## How to complete this task
Keep the text of the data exactly as it is and omit each picture from the copy.

## Dataset excerpt
··········

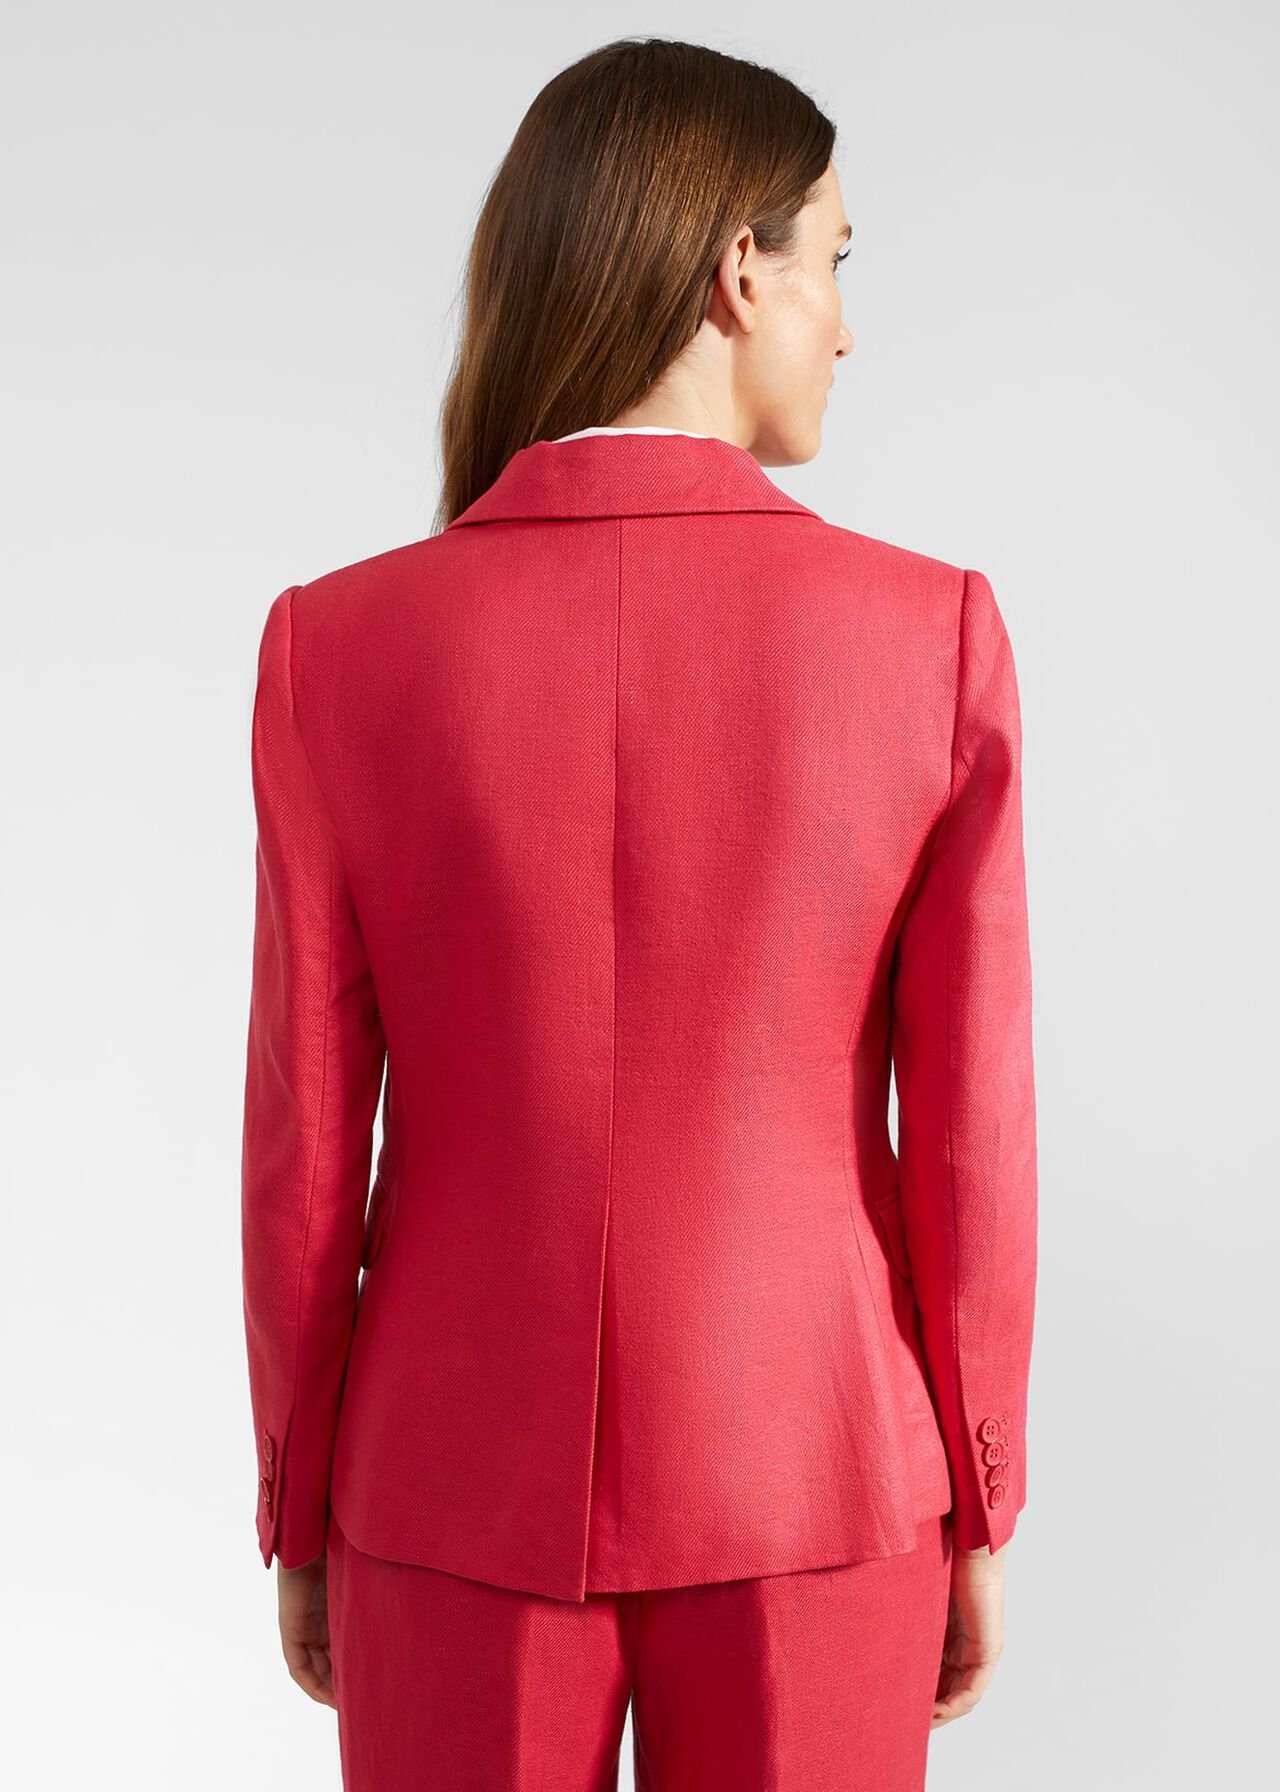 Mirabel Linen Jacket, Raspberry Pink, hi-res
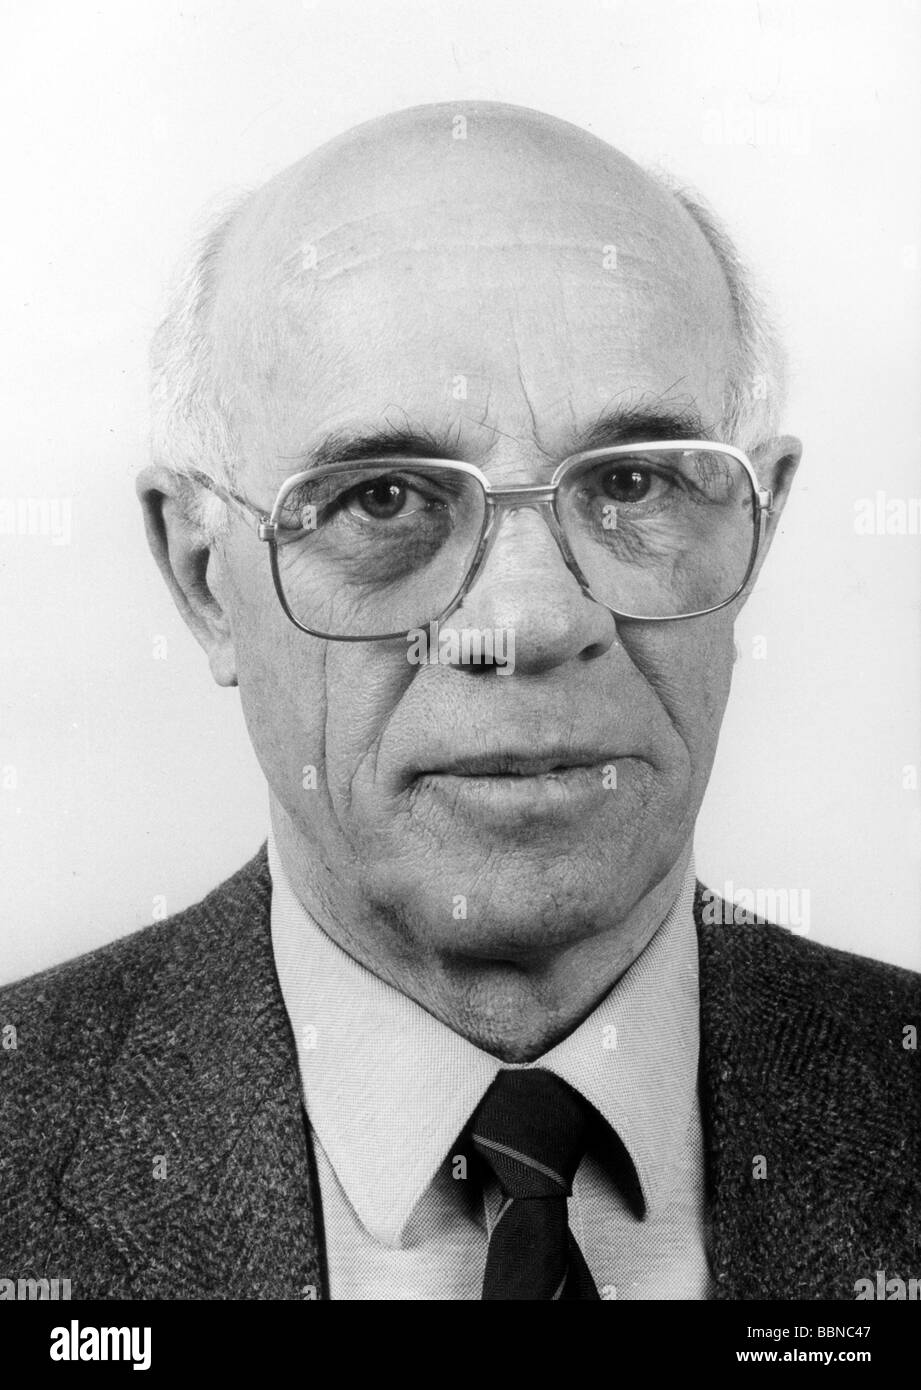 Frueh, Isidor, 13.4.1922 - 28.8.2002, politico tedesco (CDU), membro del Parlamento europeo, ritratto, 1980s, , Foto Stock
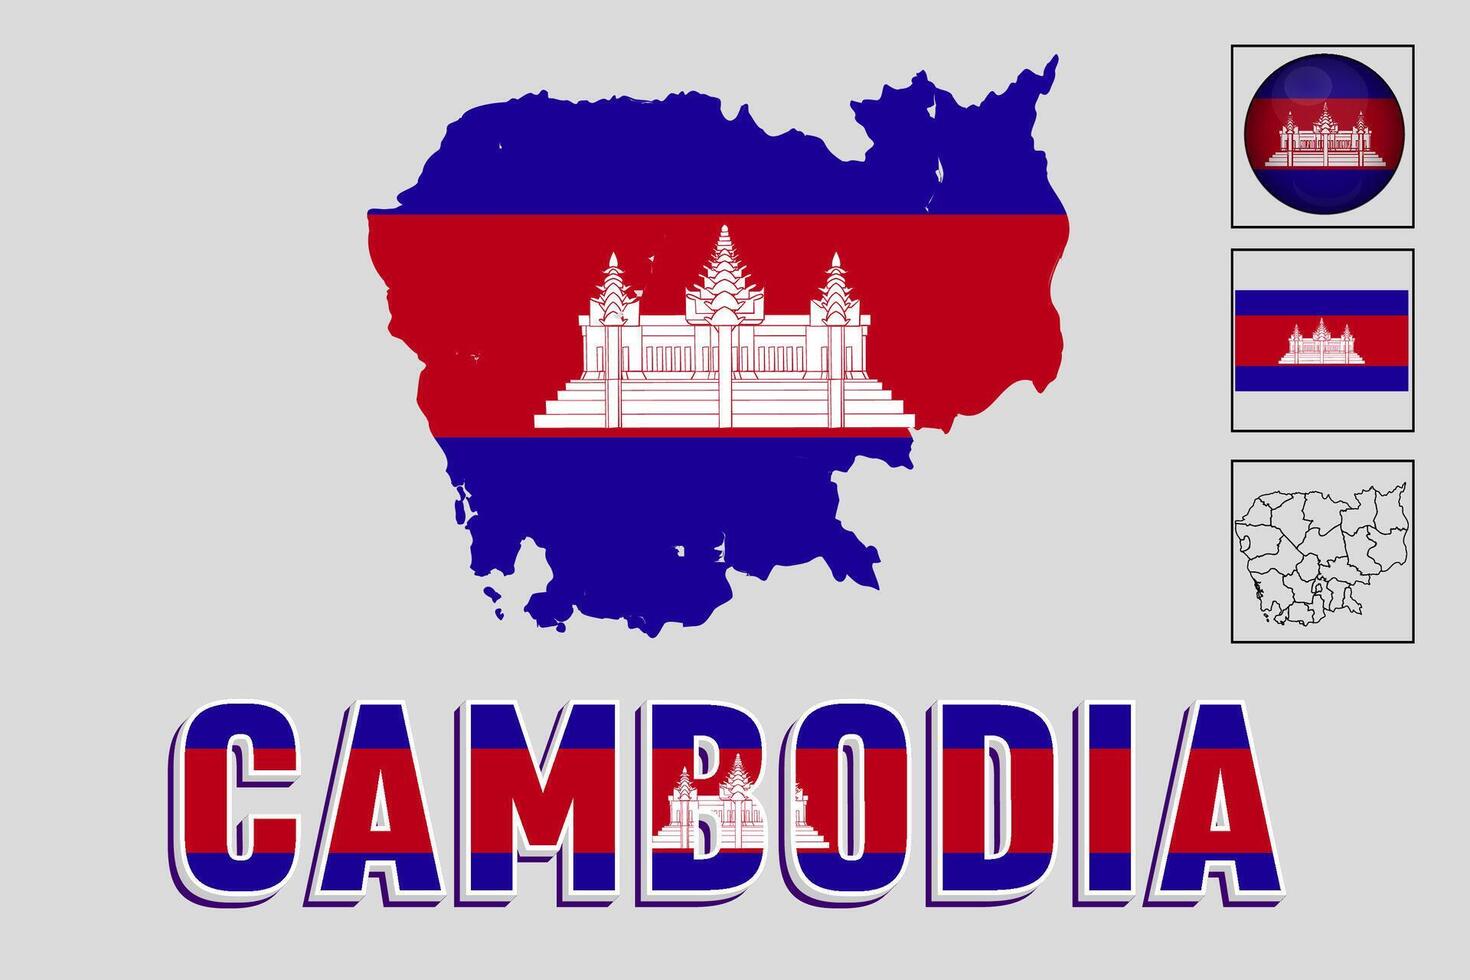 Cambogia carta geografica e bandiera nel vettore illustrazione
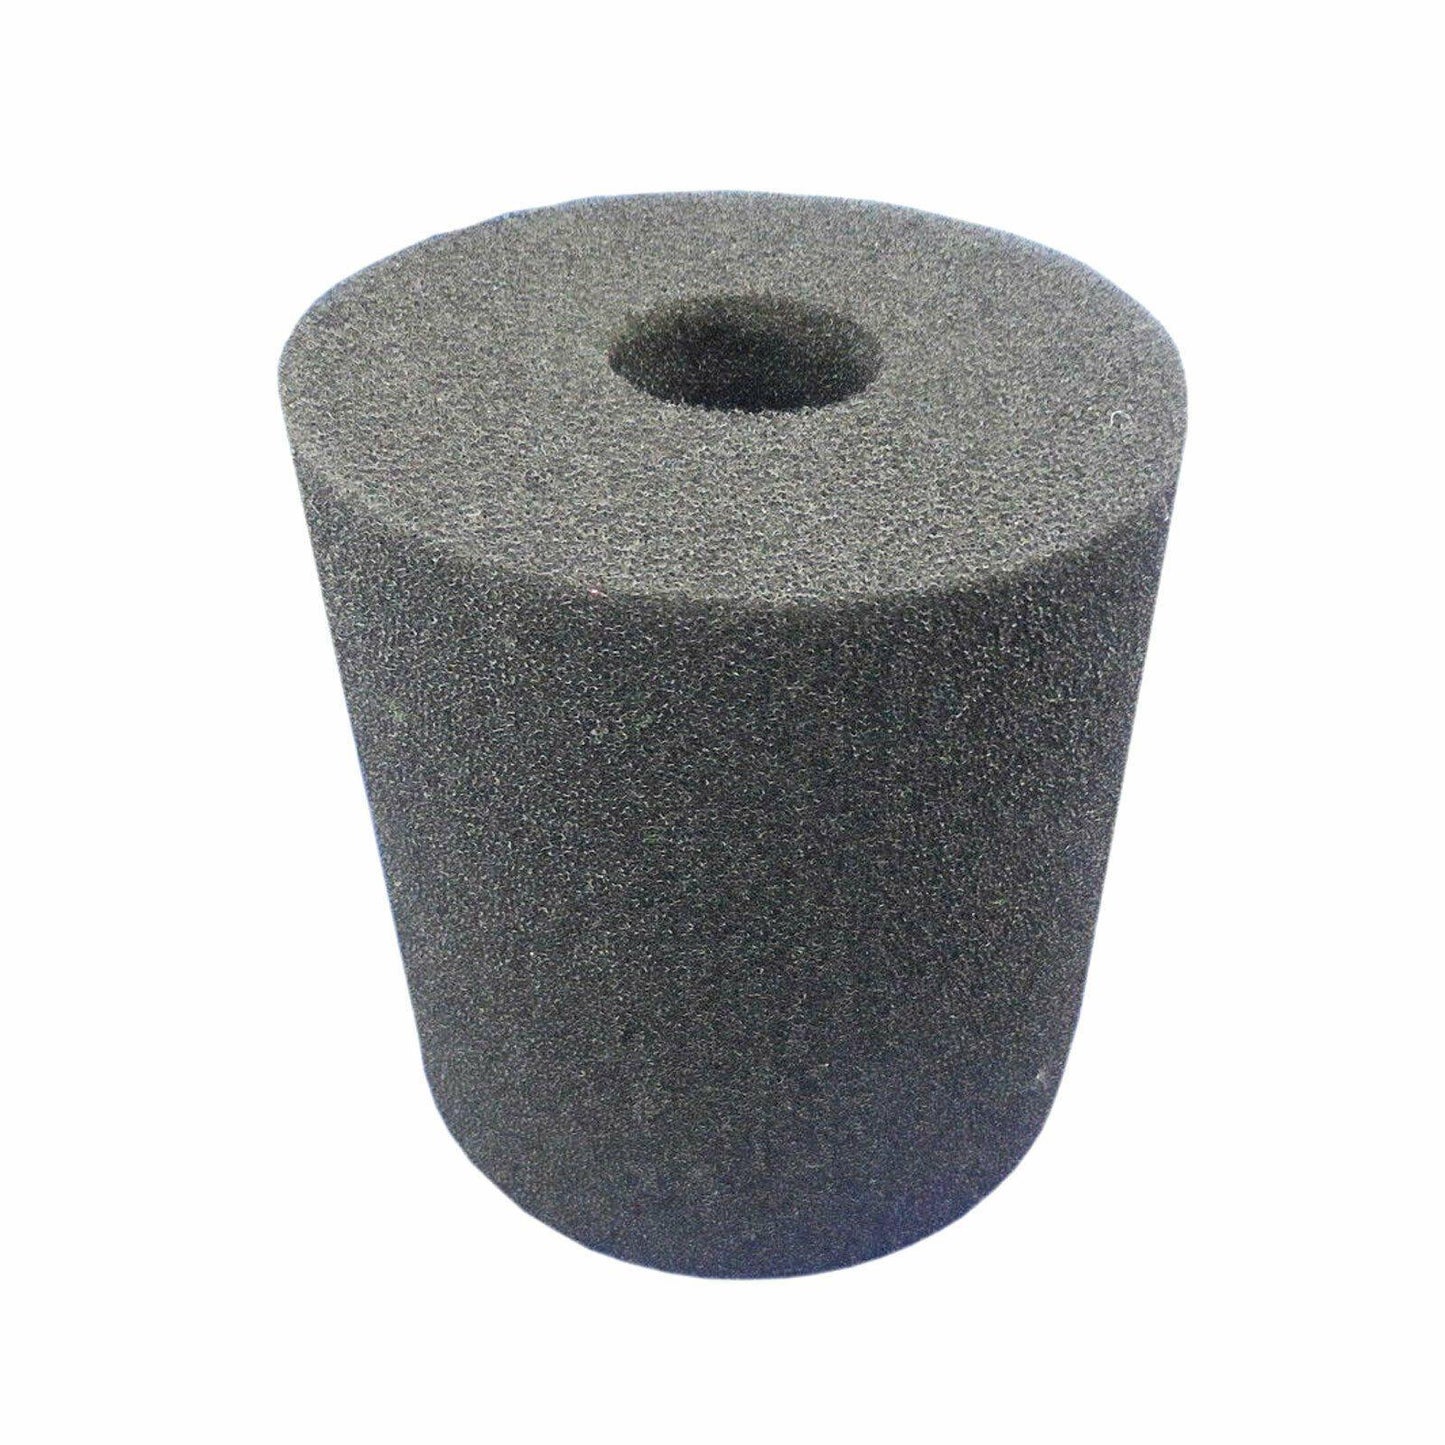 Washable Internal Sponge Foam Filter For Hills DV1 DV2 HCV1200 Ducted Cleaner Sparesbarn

··········

## Task answer
 Mirabel Linen Jacket, Raspberry Pink, hi-res
 Frueh, Isidor, 13.4.1922 - 28.8.2002, politico tedesco (CDU), membro del Parlamento europeo, ritratto, 1980s, , Foto Stock
 Cambogia carta geografica e bandiera nel vettore illustrazione
 Washable Internal Sponge Foam Filter For Hills DV1 DV2 HCV1200 Ducted Cleaner Sparesbarn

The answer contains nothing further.